Al mostrar las debilidades de sus protagonistas, el espectador adopta una actitud protectora y paternalista ante lo que ve: es imposible que gente tan simple pueda orquestar lo que plantea la acusación. Una acusación, además, que pronto se gana la antipatía de los espectadores. No podemos negarlo: el documental anda lejos de ser objetivo. Se viste de objetividad anulando a un narrador que nos dé ningún tipo de juicio de valor. E incluso nos plantea dudas, bien repartidas y en momentos concretos, para que dudemos de la inocencia de Avery; sólo para volver a mostrarnos, con más fuerza aún, que estamos ante una víctima. Making a Murderer tiene una opinión muy sesgada, y no se ruboriza al reconocerlo.

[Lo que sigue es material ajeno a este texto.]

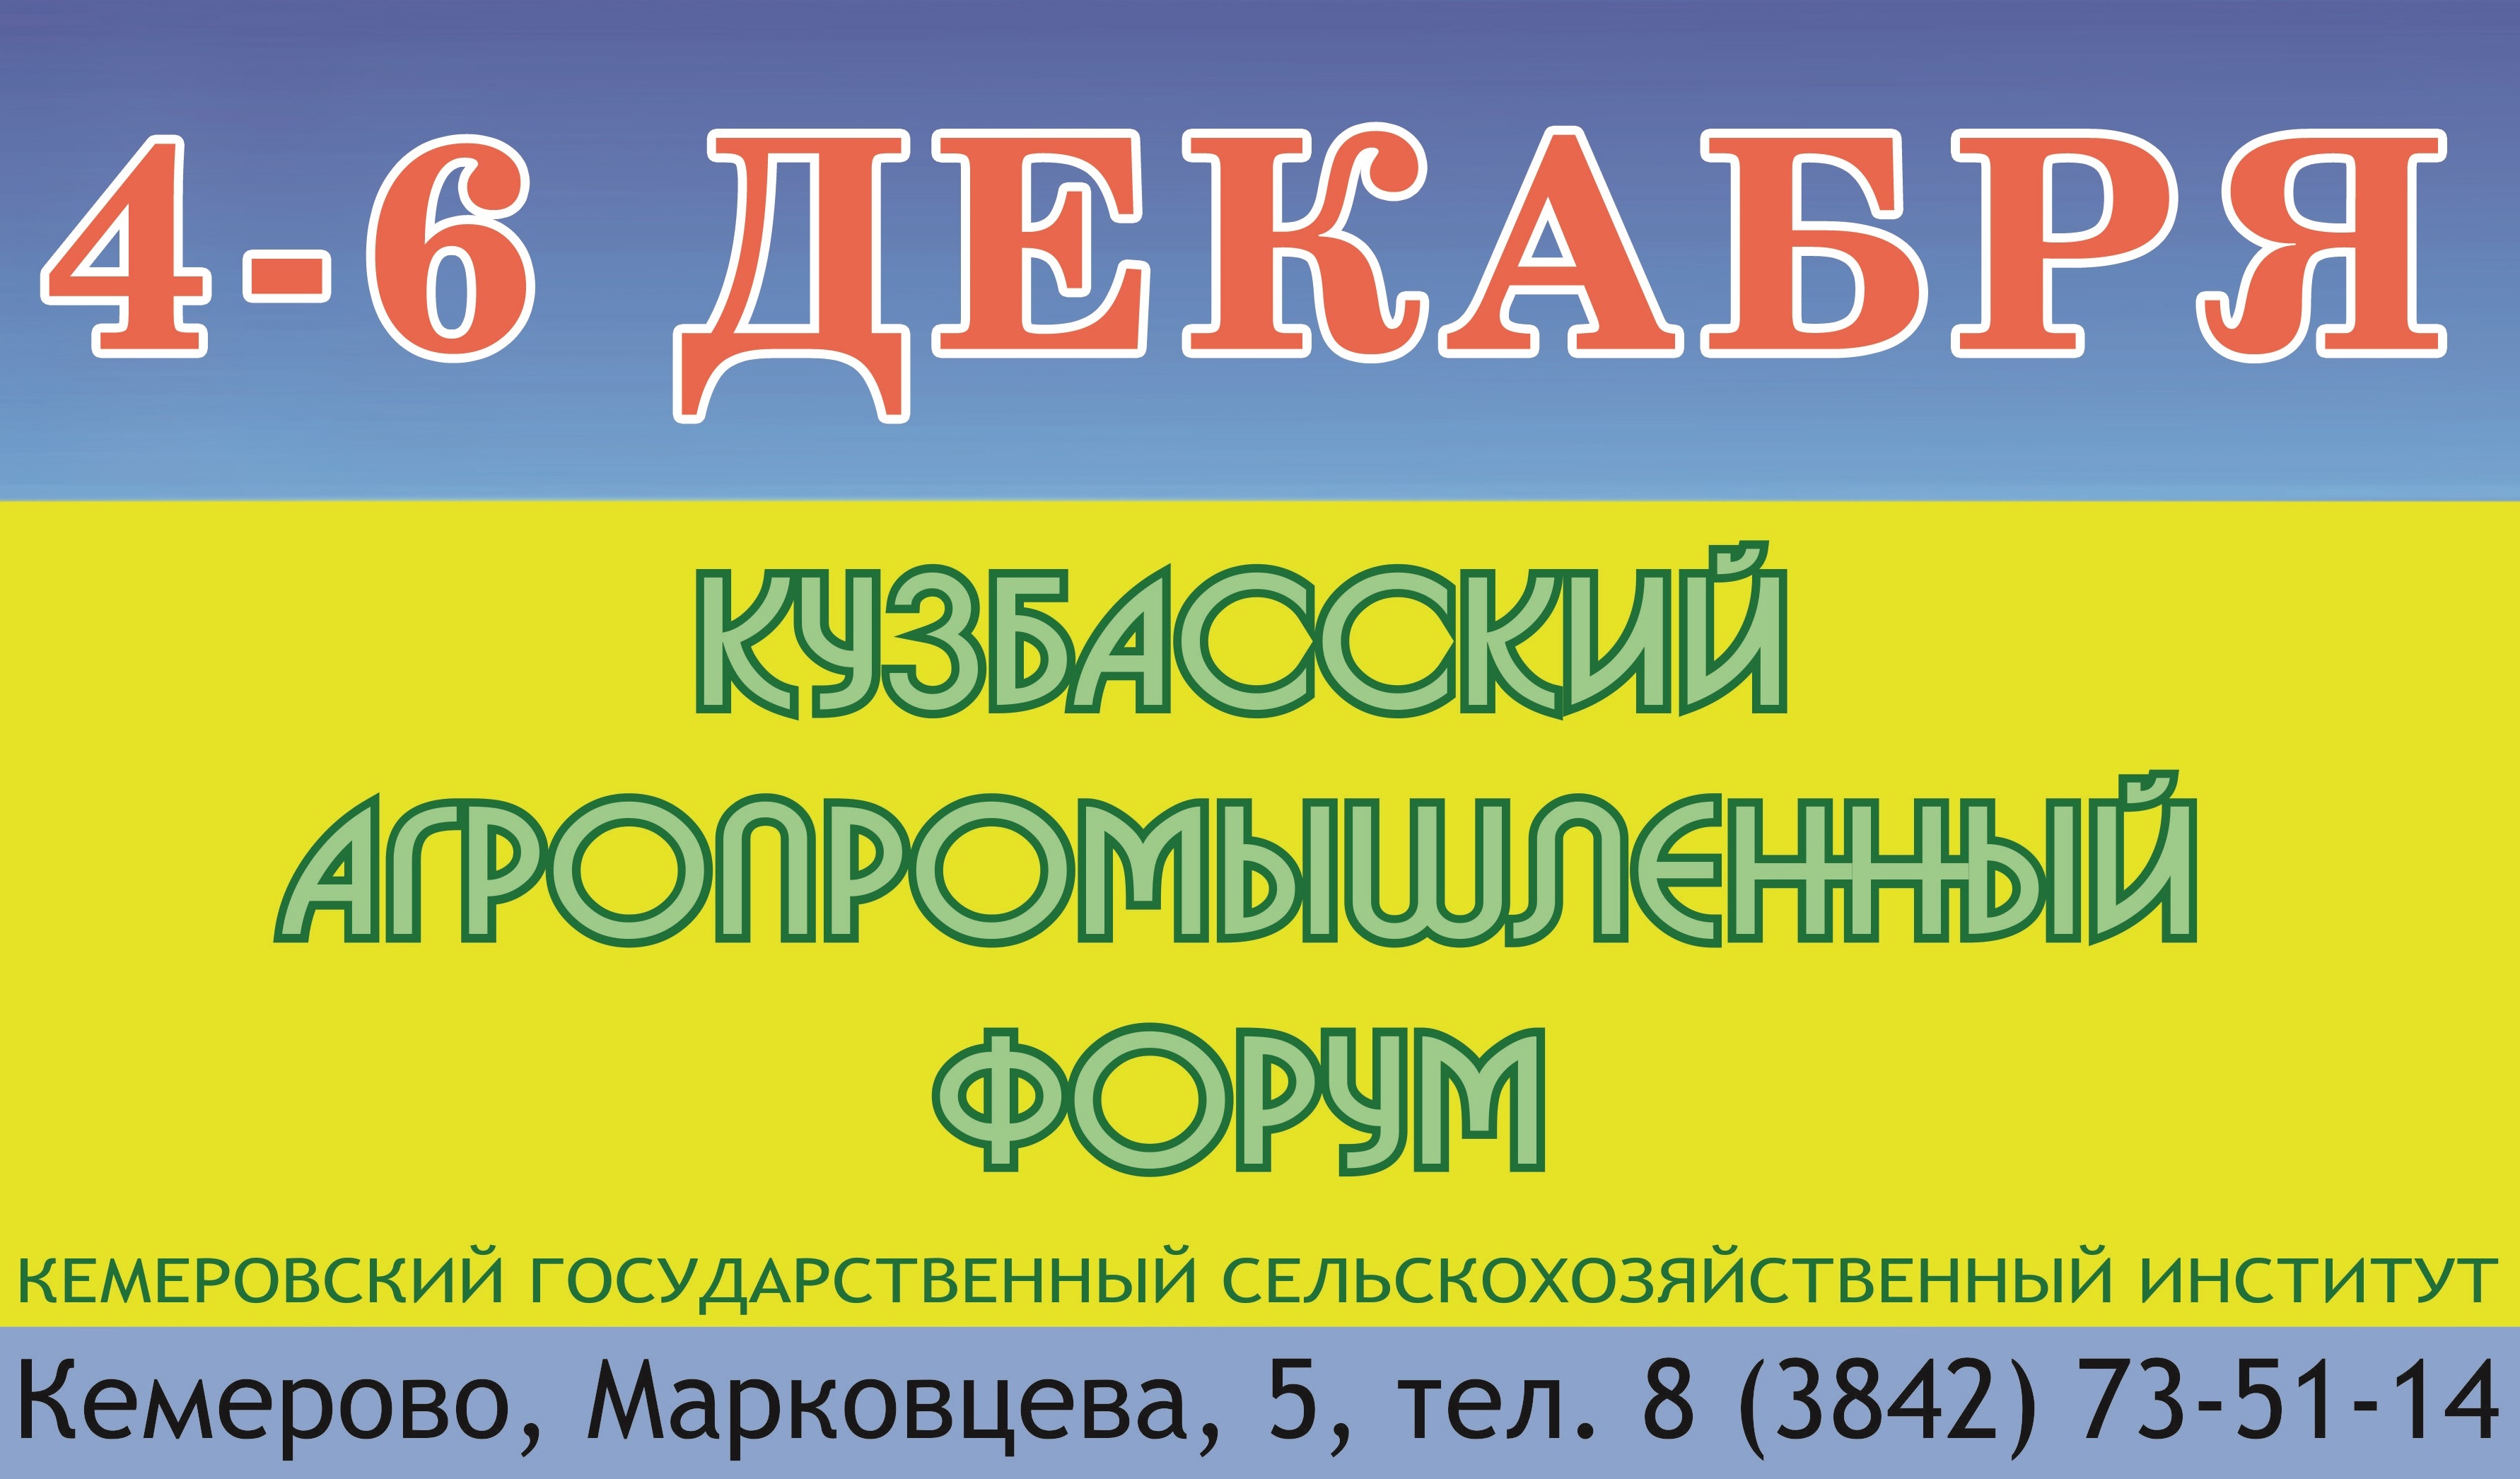 В Кемеровскойм ГСХИ состоится Кузбасский агропромышленный форум

No pretendo con esto decir que lo que nos muestran sea falso. No puedo afirmarlo. Pero tampoco lo contrario. Sólo pretendo llamar la atención ante el hecho de que sólo se nos muestre el lado de los Avery, mientras que la familia de la víctima sólo se vea de manera tangencial, a través de declaraciones oficiales en televisión, o en imágenes del proceso judicial. Nos falta justo aquello que logra que empaticemos con el otro lado. Igualmente, no puede uno dejar de tener la sospecha de que detrás de la versión de los Avery hay dudas mucho más razonables de las que se muestran en el visionado.

En cualquier caso, no es mi función emitir un juicio de valor sobre la inocencia o culpabilidad de los implicados, sino del documental en sí. Y tengo que decir que, a pesar de las faltas que hemos mencionado (y de un ritmo que empieza a declinar poco a poco en la segunda mitad de la temporada), Making a Murderer es más que recomendable. 

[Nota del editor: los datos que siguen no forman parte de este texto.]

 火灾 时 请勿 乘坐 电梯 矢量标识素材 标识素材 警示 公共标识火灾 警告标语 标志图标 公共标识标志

No sólo ha logrado remover la conciencia de sus espectadores, dejándonos con un sentimiento de vulnerabilidad que será difícil de borrar. Es que, según me temo, sus consecuencias reales aún están por ver: a día de hoy, cuando aún no se han cumplido dos meses desde su estreno, la serie ha logrado que surjan decenas de webs dedicadas a recopilar información sobre el caso, aportando nuevos datos, o arrojando luz ante inconsistencias graves. ¿Llegará el momento en el que se revise el caso sólo por su influencia mediática? ¿Hemos llegado al punto en el que una serie de televisión puede tener efectos prácticos en el sistema judicial? Creo que queda poco para poder comprobarlo...


1 comentario:

  1. Impresionante serie documental. Yo siempre me he reído de mi madre cuando le habla a la tele, yo no suelo hacerlo, pero esta serie ha sacado esa parte de mí. La indignación que genera de principio a fin no la he sentido con ningún otro contenido audiovisual (aunque la elección de Trump no se queda lejos). The Jinx ciertamente aportó como documental algo que el sistema de justicia no pudo, lo que hizo que se retomara el caso de Robert Dust, esperemos pues que Making a Murderer sirva para abrirle los ojos a más de uno en el país de la libertad y que los verdaderos responsables paguen por lo que han hecho.